#!/usr/bin/env python
# coding: utf-8

# ### Score Matching with JAX
# 
# [![Run in Colab](https://colab.research.google.com/assets/colab-badge.svg)](https://colab.sandbox.google.com/github/google/jax/blob/master/notebooks/score_matching.ipynb)
# 
# In this notebook we'll implement __Generative Modeling by Estimating Gradients of the Data Distribution__ [[arxiv]](https://arxiv.org/abs/1907.05600).
# 
# The paper builds on a technique called __Score Matching__ to iteratively refine images into samples from the real data. This technique takes advantage of some recent theorems to learn the gradients of data probability distribution. Implementing this in your typical DL framework would become an issue. However, [__`JAX`__](https://github.com/google/jax) ain't your typical DL framework. JAX makes implementing complex math no harder than writing it on a piece of paper.
# 
# Let's begin with a simple task: learn to sample from a peculiar probability distribution. Like a swiss roll, for example:
# 
# ![img](https://i.imgur.com/zMR6Iej.jpg)
# 
# well... minus the chocolate. Sorry for that.

# In[1]:


# but first, let's install jax

get_ipython().system("pip install --upgrade -q https://storage.googleapis.com/jax-releases/cuda$(echo $CUDA_VERSION | sed -e 's/\\.//' -e 's/\\..*//')/jaxlib-0.1.23-cp36-none-linux_x86_64.whl")
get_ipython().system('pip install --upgrade -q jax')


# In[2]:


import matplotlib.pyplot as plt
get_ipython().run_line_magic('matplotlib', 'inline')
import numpy as onp

from sklearn.datasets import make_swiss_roll

def sample_batch(size, noise=1.0):
    x, _= make_swiss_roll(size, noise=noise)
    x = x[:, [0, 2]] / 10.0
    return onp.array(x)

plt.scatter(*sample_batch(10**4).T, alpha=0.1)
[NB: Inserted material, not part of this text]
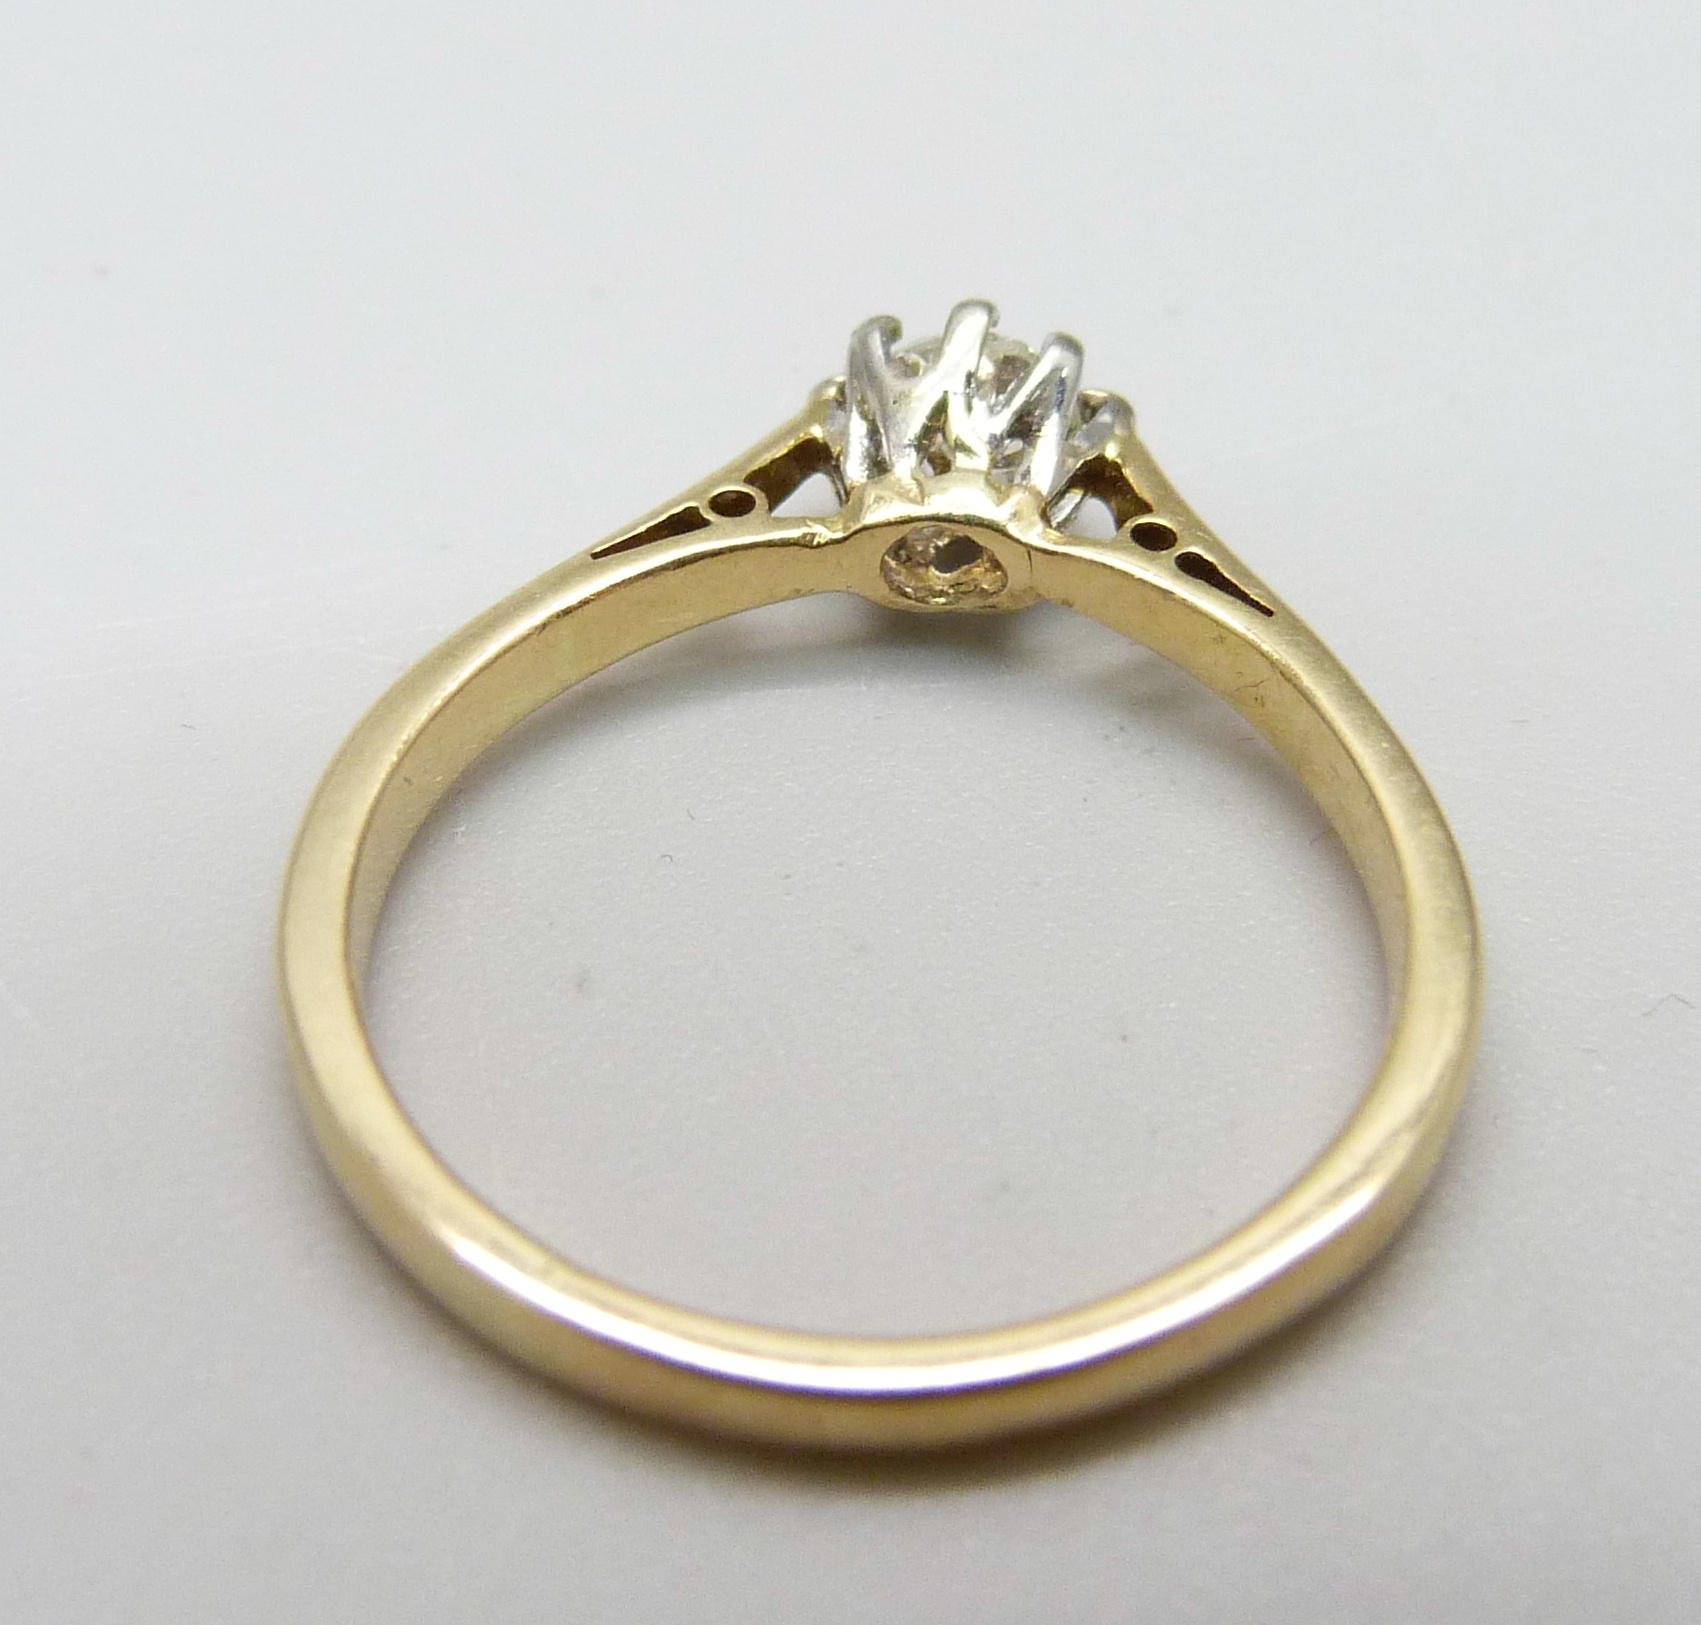 An 18ct gold and diamond solitaire ring, 2.3g, L, over 0.25ct diamond weight - Image 3 of 3

# ### Compute score matching objective
# 
# The method we apply here was originally proposed by [Hyvarinen et al. (2005)](http://jmlr.org/papers/volume6/hyvarinen05a/old.pdf). The idea behind score matching is to __learn scores:__ the gradients of $\log p(x)$ w.r.t. $x$. When trained this model can "improve" a sample $x$ by changing it in the direction of highest log-probability. However, training such model can get tricky. When predicting a continuous variable, ML folks usually minimize squared error:
# 
# $$ L_{mse} = E_{x \sim p(x)} \left\lVert model(x) - \nabla_x \log p(x) \right\lVert_2^2 $$
# 
# One can't minimize this explicitly because the real $\nabla_x log p(x)$ is usually unknown. However under broad assumptions on p(x) and a sufficiently powerful model, one can say that ` ... math happens ... ` and therefore the arg-minimum of $L_{mse}$ can be found by minimizing a more tractable objective:
# 
# $$ L_{matching} = E_{x \sim p(x)} \space tr( \space \mathbf{J}_x [\space model(x)  \space]) + \frac12 \left\Vert model(x) \right\lVert_2^2 $$
# 
# Here $tr( \space \mathbf{J}_x [\space model(x)  \space])$ is a trace of Jacobian of $model(x)$ w.r.t. $x$. Now all it takes is to minimize the second objective with backpropagation... that is, if you can compute jacobians. Thankfully, we have __jax__!

# In[ ]:


import jax
import jax.numpy as np
from jax.experimental import optimizers
from jax.experimental import stax
from functools import partial

# Set up network to predict scores
net_init, net_apply = stax.serial(
    stax.Dense(128), stax.Softplus,
    stax.Dense(128), stax.Softplus,
    stax.Dense(2),
)

# Create optimizer. Note that both network and optimizer returns pure (stateless) functions
opt_init, opt_update, get_params = optimizers.adam(1e-3)


# In[ ]:


# v-- jax.jit compiles a function for efficient CPU and GPU execution

@jax.jit
def compute_loss(net_params, inputs):
    # v-- a function that computes jacobian by forward mode differentiation
    jacobian = jax.jacfwd(net_apply, argnums=-1)
    
    # we use jax.vmap to vectorize jacobian function along batch dimension
    batch_jacobian = jax.vmap(partial(jacobian, net_params))(inputs)  # [batch, dim, dim]
    
    trace_jacobian = np.trace(batch_jacobian, axis1=1, axis2=2)
    output_norm_sq = np.square(net_apply(net_params, inputs)).sum(axis=1)
    
    return np.mean(trace_jacobian + 1/2 * output_norm_sq)


@jax.jit
def train_step(step_i, opt_state, batch):
    net_params = get_params(opt_state)
    loss = compute_loss(net_params, batch)
    grads = jax.grad(compute_loss, argnums=0)(net_params, batch)
    return loss, opt_update(step_i, grads, opt_state)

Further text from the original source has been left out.